How to complete this task
Leave the pictures out and restate every line below exactly.

Records supplied

....................

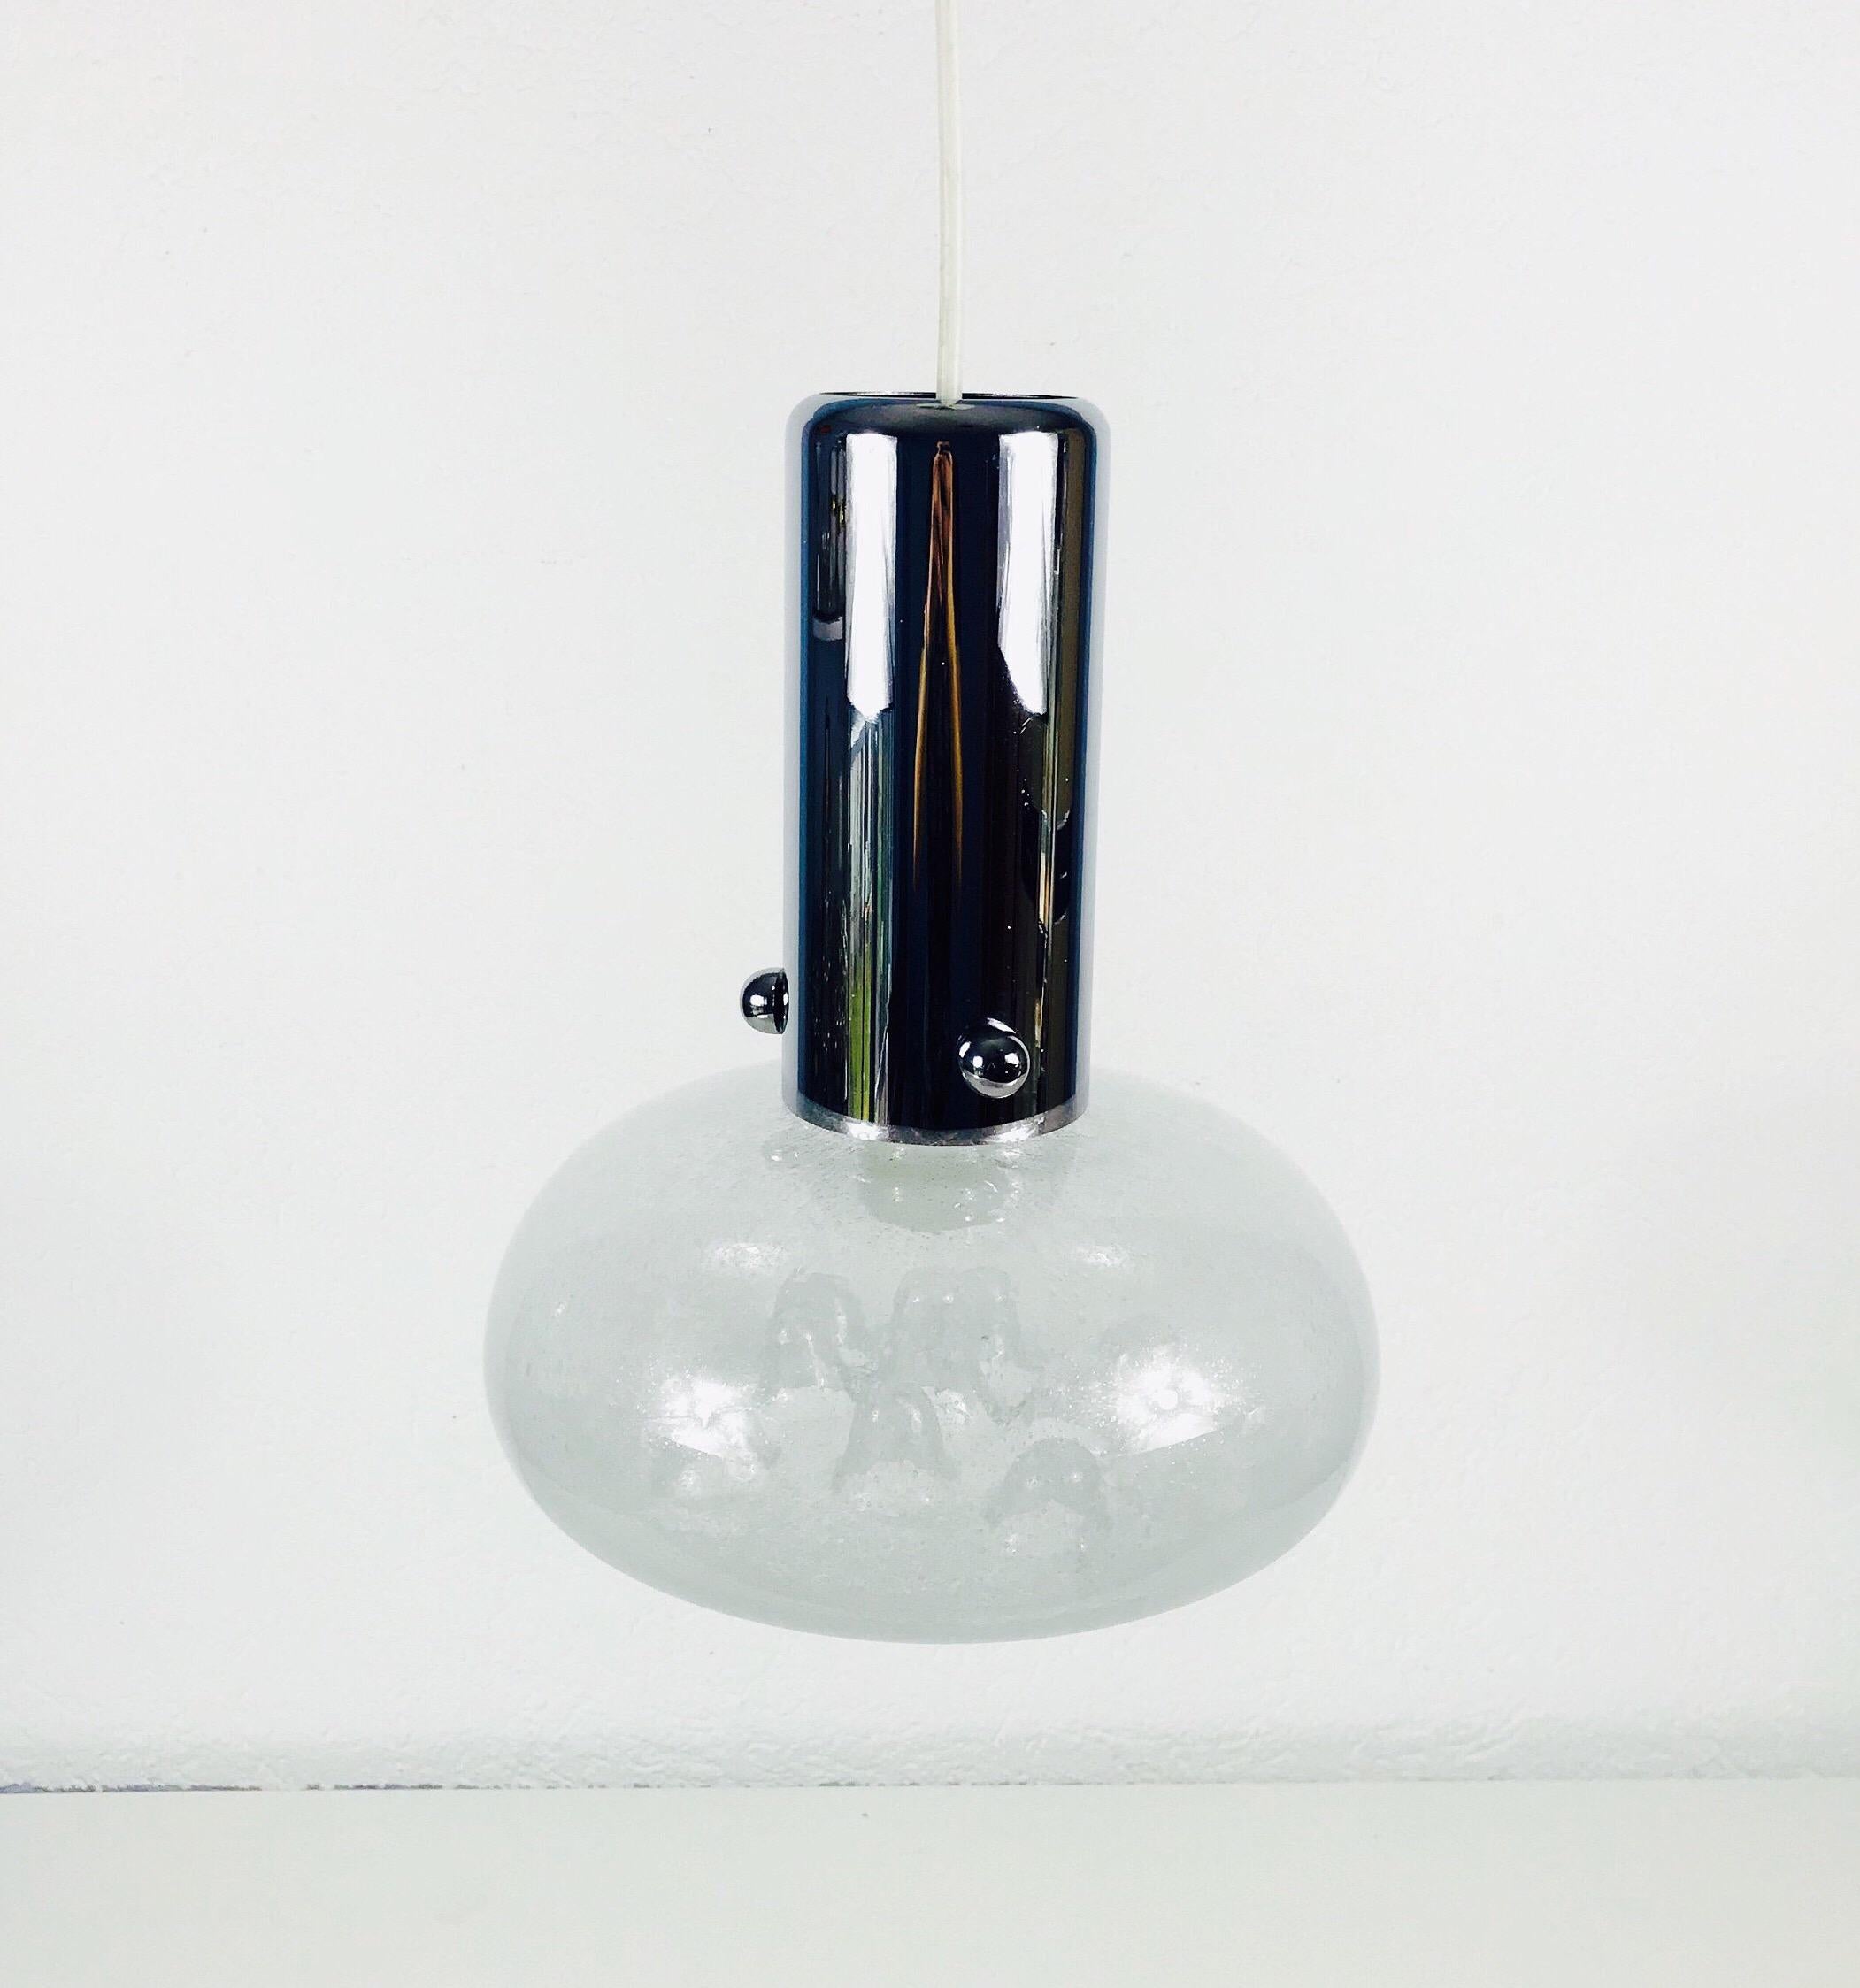 Eine in den 1960er Jahren in Italien hergestellte Hängeleuchte. Sie fasziniert mit ihrem Muranoglas und der schönen Form.

Abmessungen:

Höhe 58 cm

Durchmesser 28 cm

Die Leuchte benötigt eine E27-Glühbirne.

....................

Exercise answer
 Eine in den 1960er Jahren in Italien hergestellte Hängeleuchte. Sie fasziniert mit ihrem Muranoglas und der schönen Form.

Abmessungen:

Höhe 58 cm

Durchmesser 28 cm

Die Leuchte benötigt eine E27-Glühbirne.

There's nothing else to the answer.